Hate to dump on the op but it sounds more like his problem than a problem with the program

Yes, it is partly my problem because I decided to do Psychiatry not only because I enjoyed it but also because I wanted to go into a residency that would give me the opportunity to see my kids and live a balance life somewhat. My father was a general surgeon and I have a lot of negative experiences with the way he missed out on a lot of our lives because of work.
 
I just got my contract for pgy1 and in it it states it's an ACGME rule to pass USMLE step 3 to be promoted to PGY3.
 
Mine requires taking Step 3 by December of PGY-1 year and passing by conclusion of PGY-1 year.
 
You should allow your family to live somewhere safe and you go to your residency.

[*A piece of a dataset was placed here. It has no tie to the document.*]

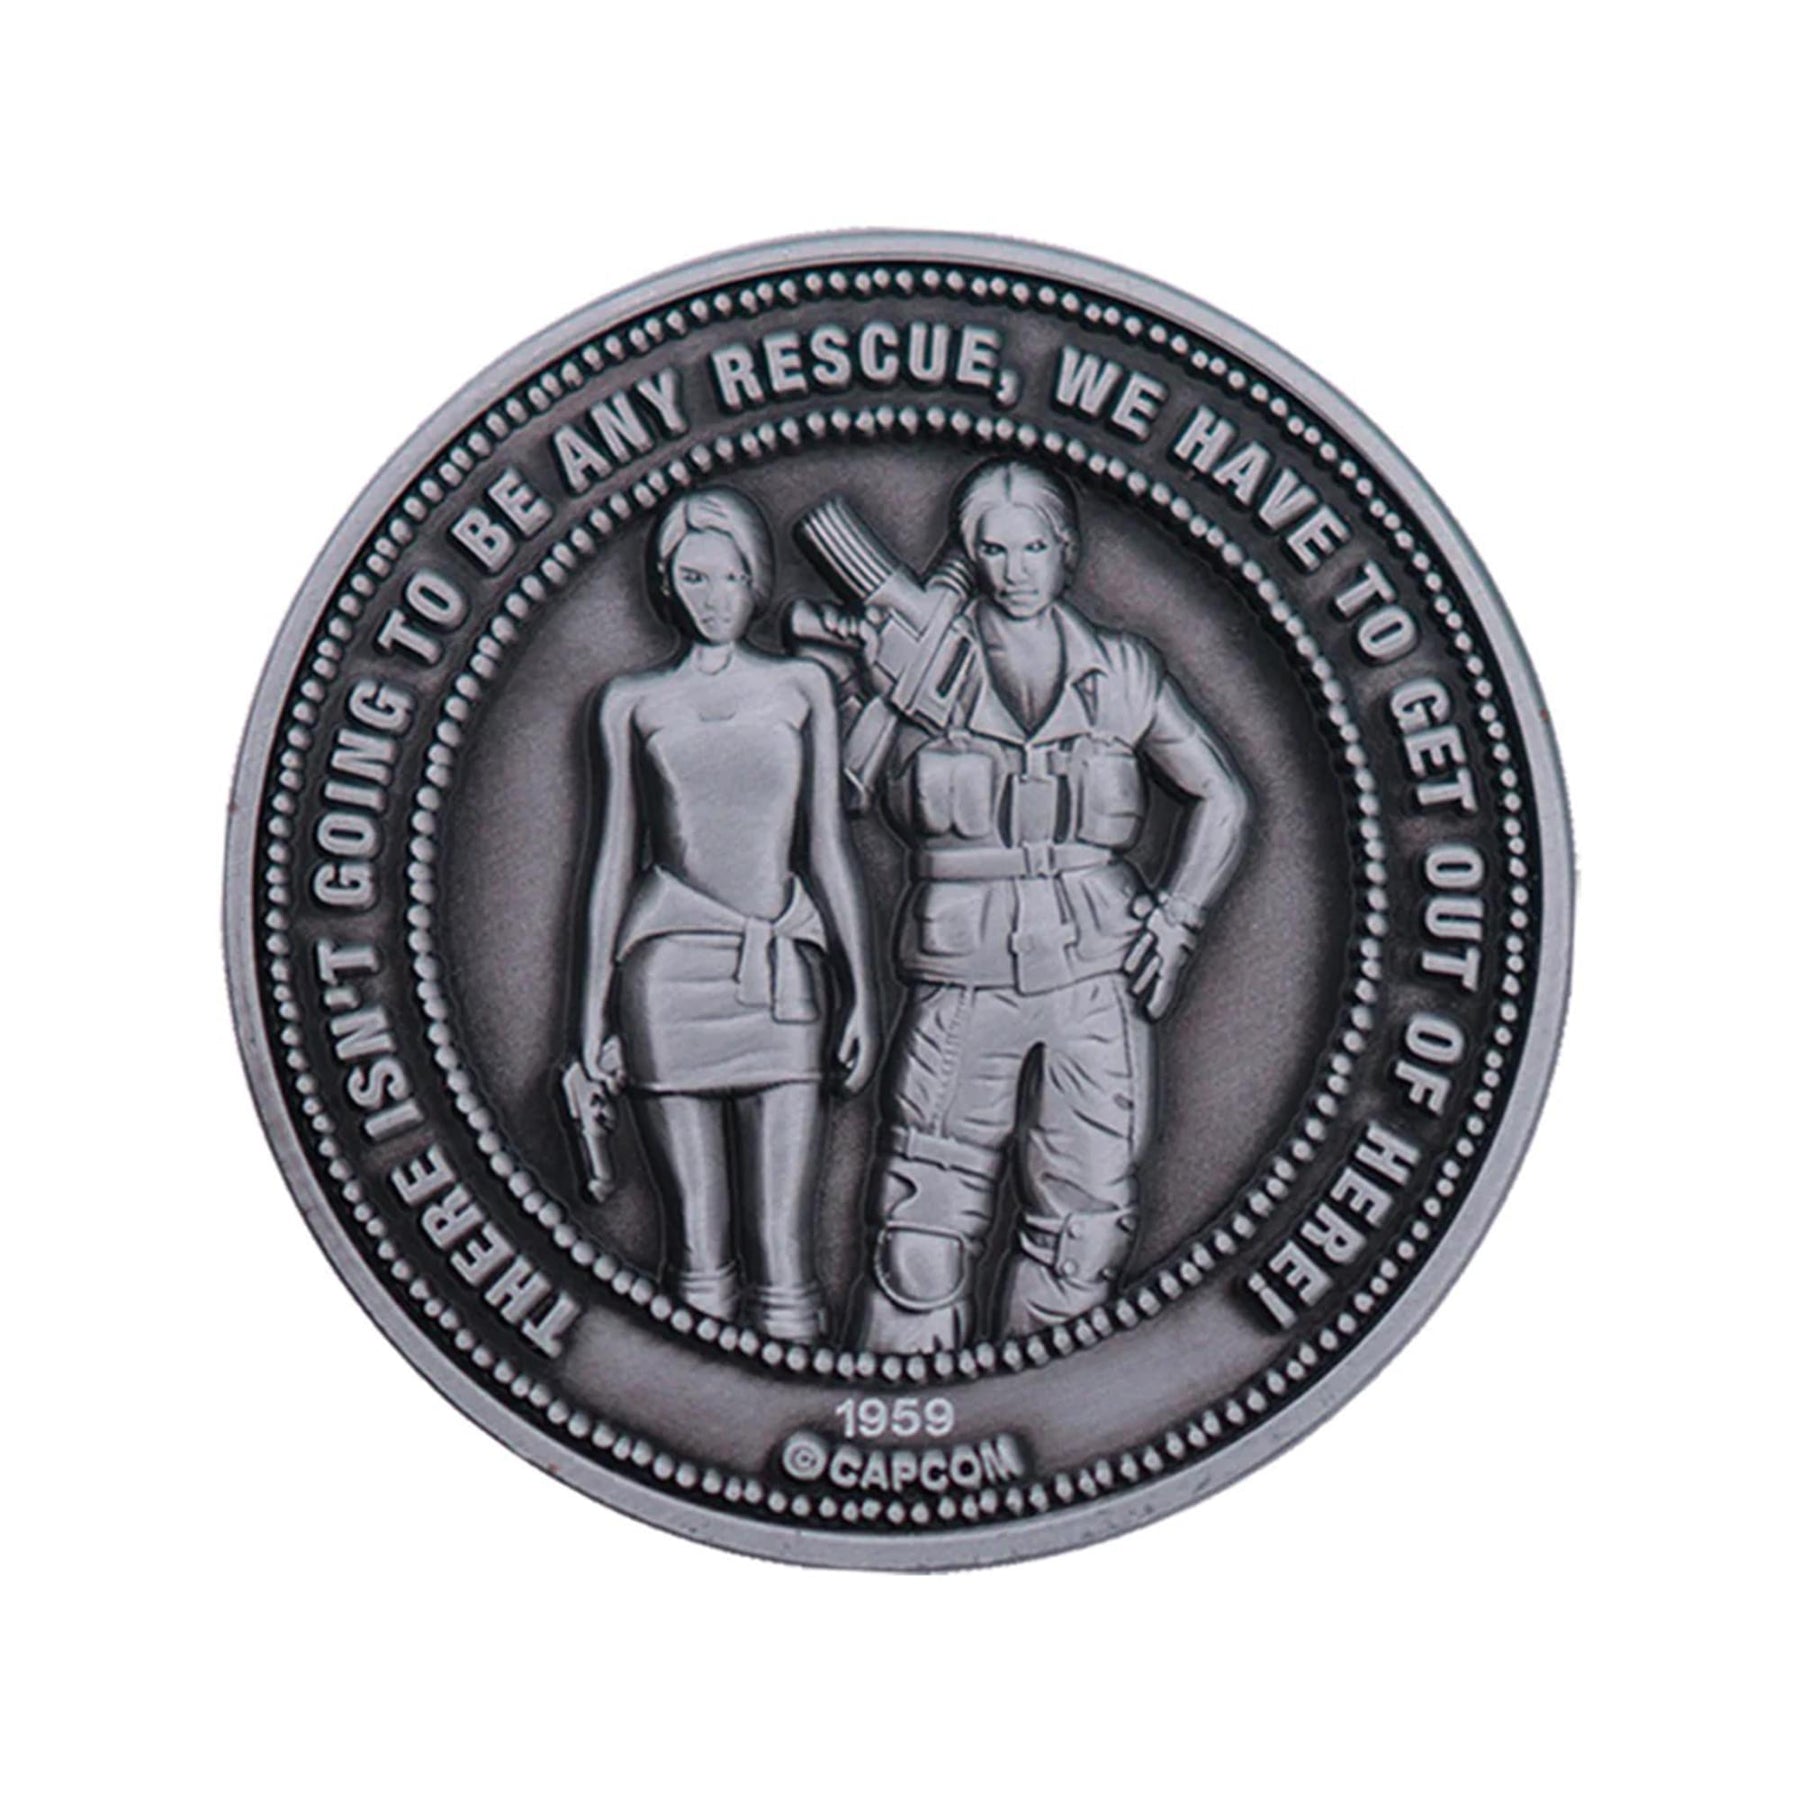 Resident Evil 3 Limited Edition Collectible Coin

They shouldn't be forced to follow you into danger.
 
God forbid, what if something happened to them? Would it be your fault? Could you live with yourself?
 
You should allow your family to live somewhere safe and you go to your residency. They shouldn't be forced to follow you into danger.
Unless Baghdad has an ACGME-recognized psych residency I haven't heard about, odds are very, very good that the OP can find a safe place for he and his family to live within commuting distance of the program he matched into.

This is just silly.
 
Unless Baghdad has an ACGME-recognized psych residency I haven't heard about, odds are very, very good that the OP can find a safe place for he and his family to live within commuting distance of the program he matched into.

This is just silly.

As a Texan, I can tell yalls that no wheres outside of Texas is safe. Just 1 state over yonder is a death trap. Louisiana is hurricane alleee. Oklahoma is tornado cuntry. New Mexico well.....nobodys wants to habitates that. North of Oklahoma is so cold that you may as swell move ter Russia. Jus roll over and await yer maker.

It really pains me to see yall matchin in states not named Texas. I'll pray fer yalls.
 
I like TexasPhysician, he seems like a really nice guy but he has set himself up for some serious Texas teasing.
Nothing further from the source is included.